DETAILED DESCRIPTION OF THE PREFERRED EMBODIMENT An embodiment of the first invention will be described below with reference to the drawings. FIG. 1 shows a block diagram of an output circuit in an embodiment of the first invention. In FIG. 1, a characteristic component 6 is a transformer that electrically insulates the output signals of the switching elements Q1 and Q2 of the voltage resonance switch section 8 and transmits energy.
The voltage resonance switch unit 8 performs a switching operation in accordance with an on or off timing alternately output from the driver unit 2, and then voltage resonance of the output signals of the switching elements Q1 and Q2 is obtained. The signal is output to the transformer 6. Reference numeral 7 is a rectifying / synthesizing unit. Others are the same as the conventional configuration.

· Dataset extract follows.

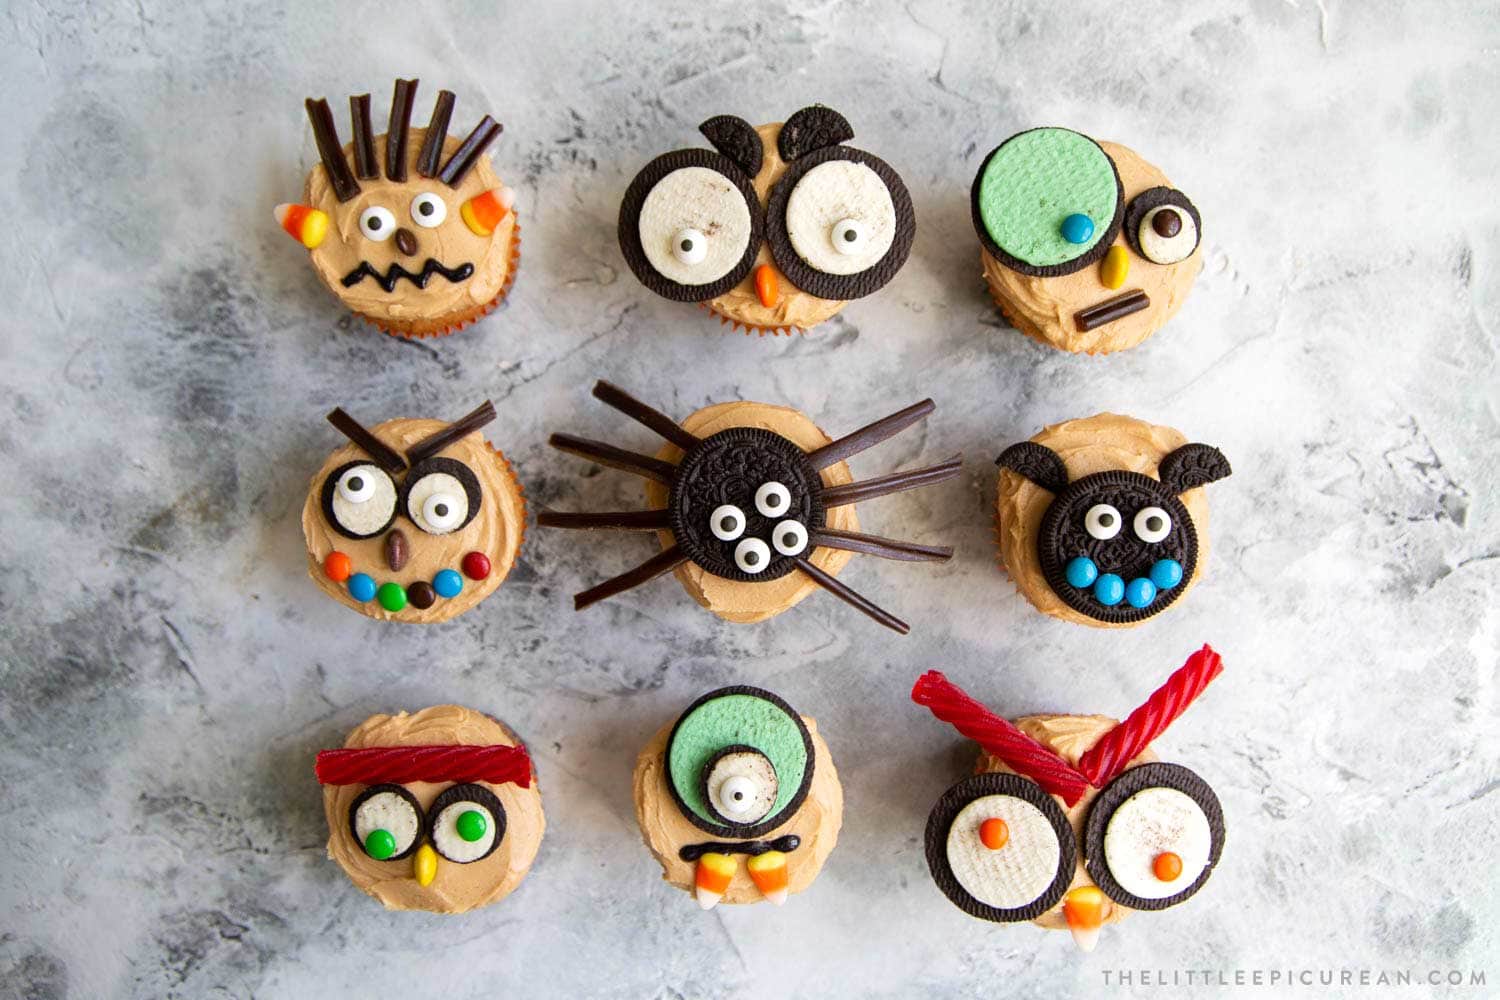 Easy to decorate Halloween cupcakes using a variety of store-bought cookies and candies. Use your favorite cupcake recipe, or try the peanut butter cupcakes with peanut butter frosting in this post.

The operation of the output circuit of this embodiment will be described below. First, in the pulse converter 1, the analog input signal is, for example, a pulse width modulation signal having a constant repetition frequency and a varying pulse width. The pulse width modulation signals are made into signals having mutually opposite phases by the driver unit 2 and are input to the gates of the switching elements Q1 and Q2 of the voltage resonance switch unit 8 to switch the switching elements Q1 and Q2. The switching elements Q1 and Q2 used in the voltage resonance switch unit 8
For this reason, it is preferable to use an FET in order to increase the switching frequency. Further, the switching element Q1,
Capacitors C1 and C are placed between the drain and source terminals of Q2.
2 are connected to each other and resonate in parallel at a frequency determined by the time constant of the inductance of the transformer 6 and the capacitances of the capacitors C1 and C2. Therefore, the output waveforms output from the switching elements Q1 and Q2 are harmonic components. Results in a reduced voltage resonance waveform. Here, when the switching element Q1 of the voltage resonance switch section 8 is turned on, the transformer 6
A current flows through the primary winding L11 toward the switching element Q1 and a positive current flows through the secondary winding L21 through the diode D1 of the rectifying / combining unit 7. At this time, the positive current flowing through the diode D1 also tries to flow into the secondary winding L22 of the transformer 6 through the diode D2. However, the secondary winding L22 is the secondary winding L2.
1 is a reverse phase output, and is blocked by the current flowing toward the diode D2, so that the voltage resonance waveform as shown by the solid line in FIG. 5A is output. Next, when the switching element Q1 is turned off, a flyback output as shown by the broken line in FIG. 5A is generated in the secondary winding L21 of the transformer 6, but the diode D1 has a polarity opposite to that of the flyback output. No current flows because it is connected. Further, when the switching element Q2 of the voltage resonance switch unit 8 is turned on, a current flows through the primary winding L11 of the transformer 6 toward the switching element Q2, and the secondary winding L22 of the diode D2 of the rectifying / synthesizing unit 7 is connected.
Negative current flows through. At this time, transformer 6
A current tries to flow from the secondary winding L21 toward the ground point, but the current does not flow because the diode D1 is connected in the opposite polarity, and the output voltage waveform as shown by the solid line in FIG. can get. Next, when the switching element Q2 is turned off, a flyback output as shown by a broken line in FIG. 5B is generated in the secondary winding L22 of the transformer 6, but the diode D2 has a polarity opposite to that of the flyback output. No current flows because it is connected.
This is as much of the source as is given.